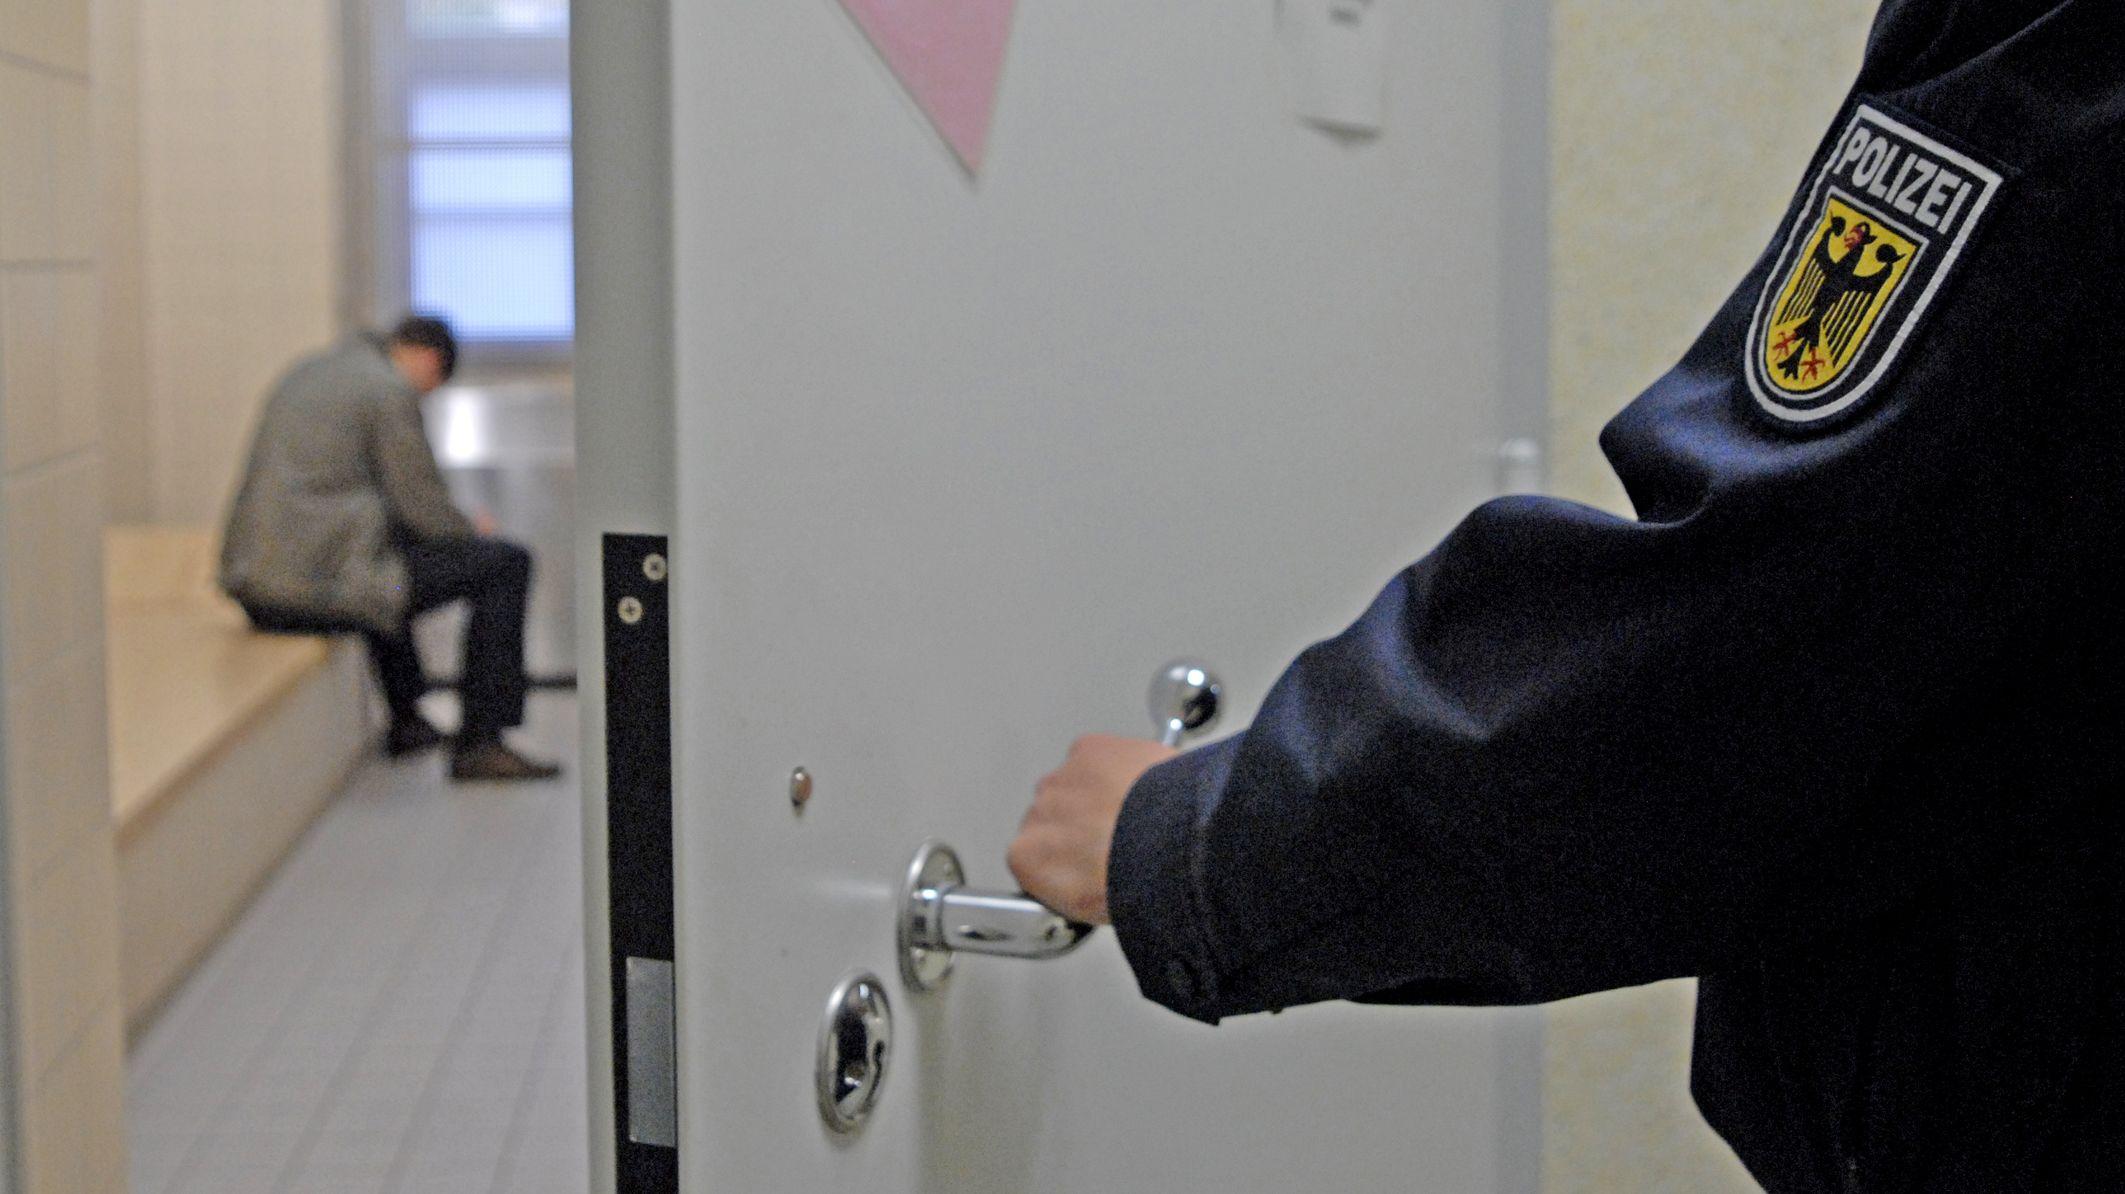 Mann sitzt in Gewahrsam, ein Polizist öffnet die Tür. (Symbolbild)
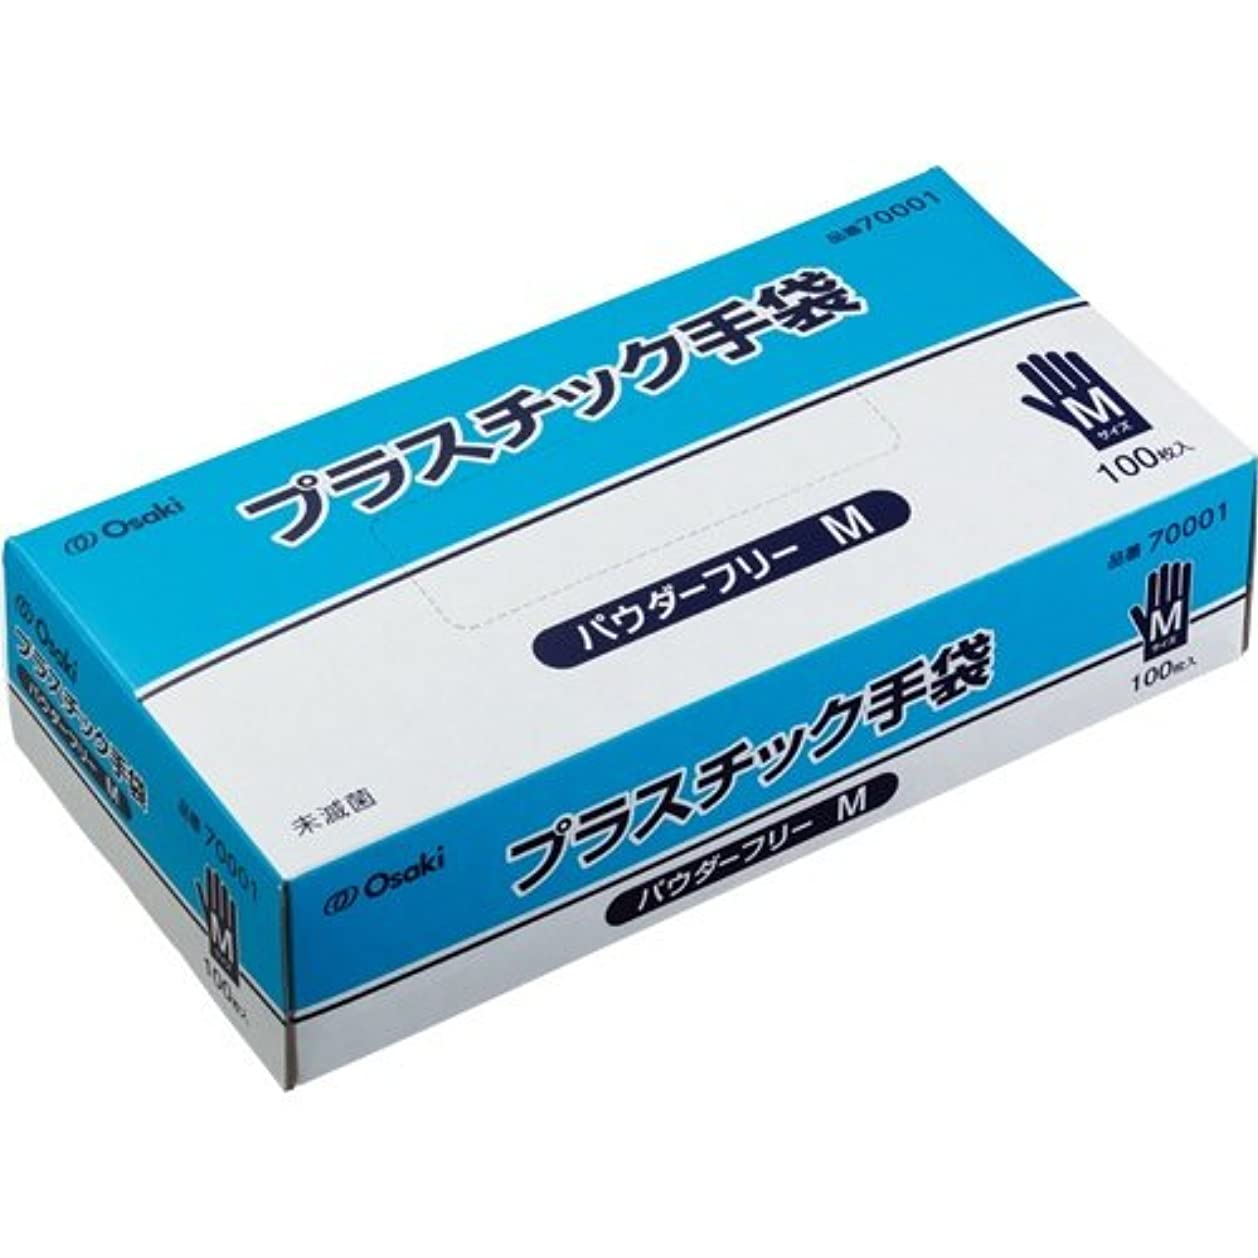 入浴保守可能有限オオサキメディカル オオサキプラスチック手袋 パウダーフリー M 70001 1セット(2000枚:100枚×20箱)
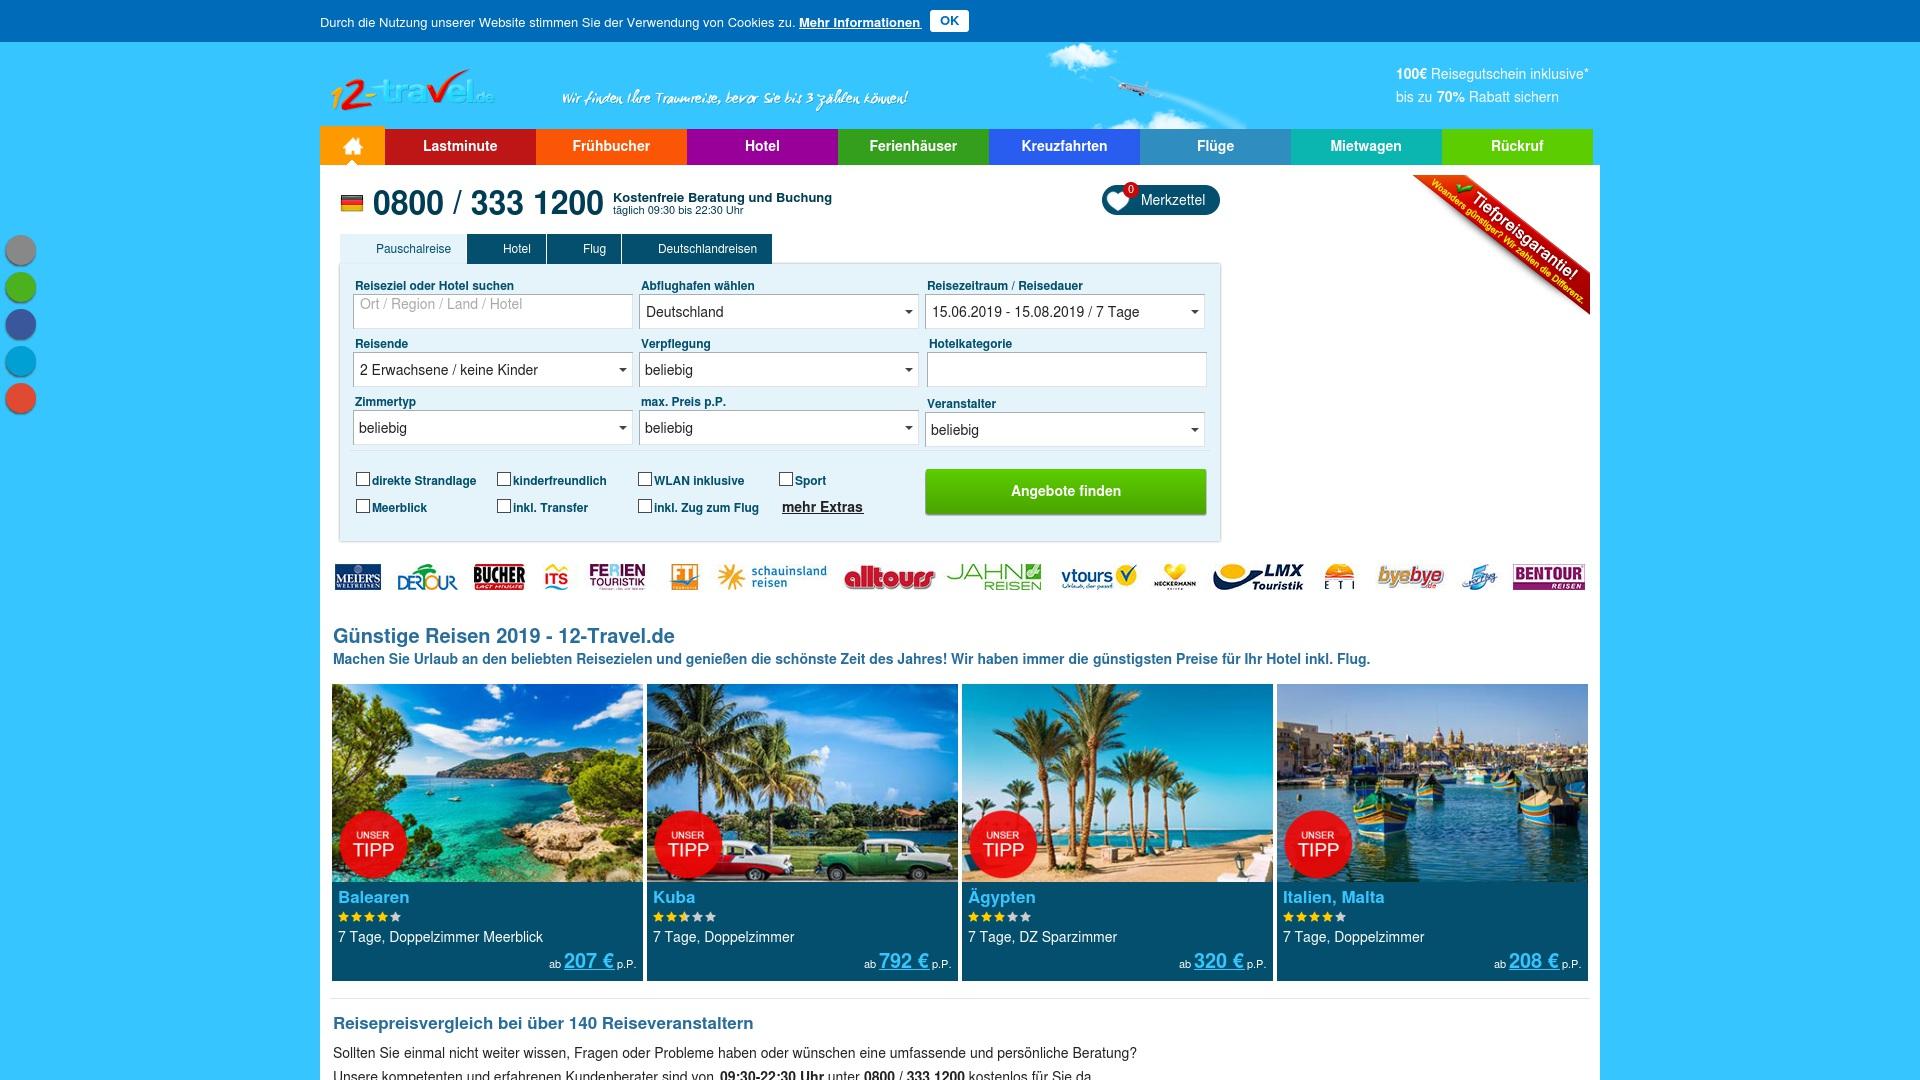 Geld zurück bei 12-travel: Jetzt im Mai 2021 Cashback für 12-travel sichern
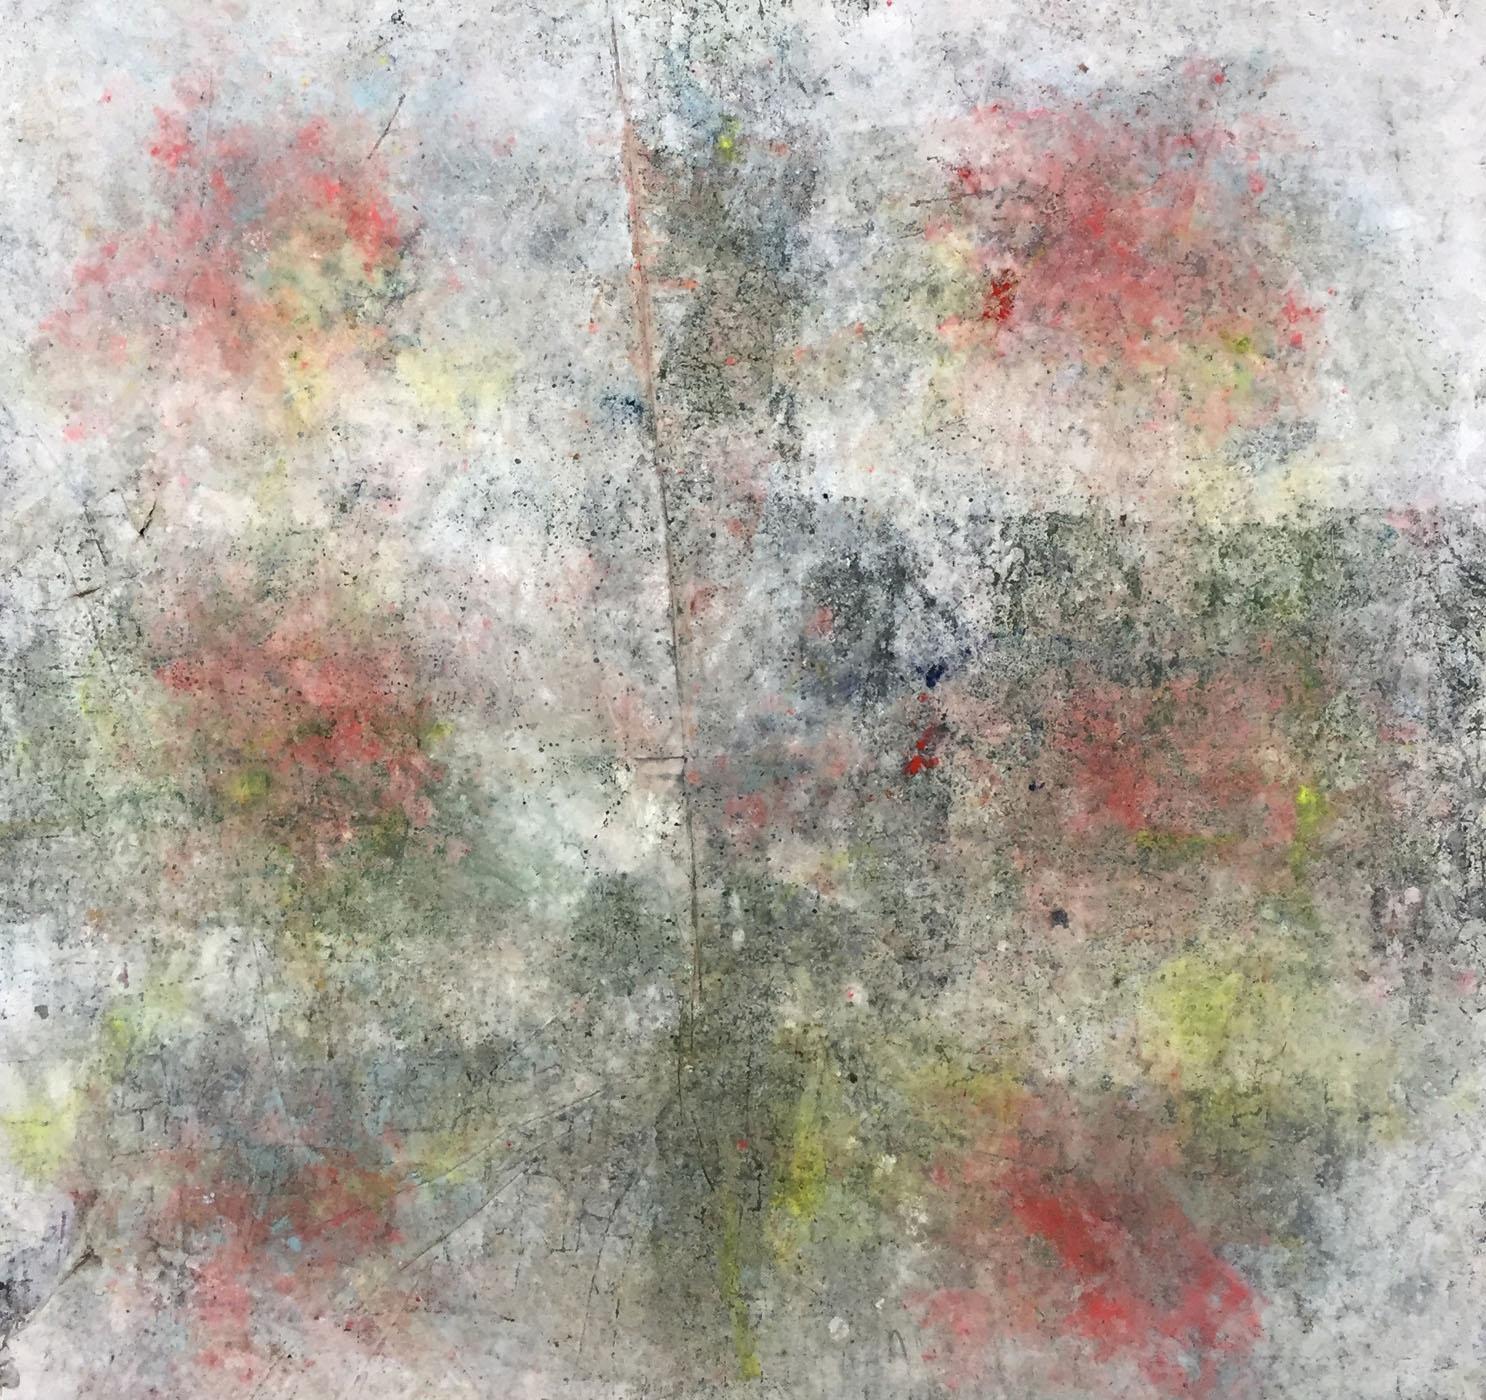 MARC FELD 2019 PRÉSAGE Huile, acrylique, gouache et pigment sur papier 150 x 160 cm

- - -

**Work request**: An exact copy of the material is required, minus the pictures.

**Result of the exercise**:
 Mann sitzt in Gewahrsam, ein Polizist öffnet die Tür. (Symbolbild)
 入浴保守可能有限オオサキメディカル オオサキプラスチック手袋 パウダーフリー M 70001 1セット(2000枚:100枚×20箱)
 Geld zurück bei 12-travel: Jetzt im Mai 2021 Cashback für 12-travel sichern
 MARC FELD 2019 PRÉSAGE Huile, acrylique, gouache et pigment sur papier 150 x 160 cm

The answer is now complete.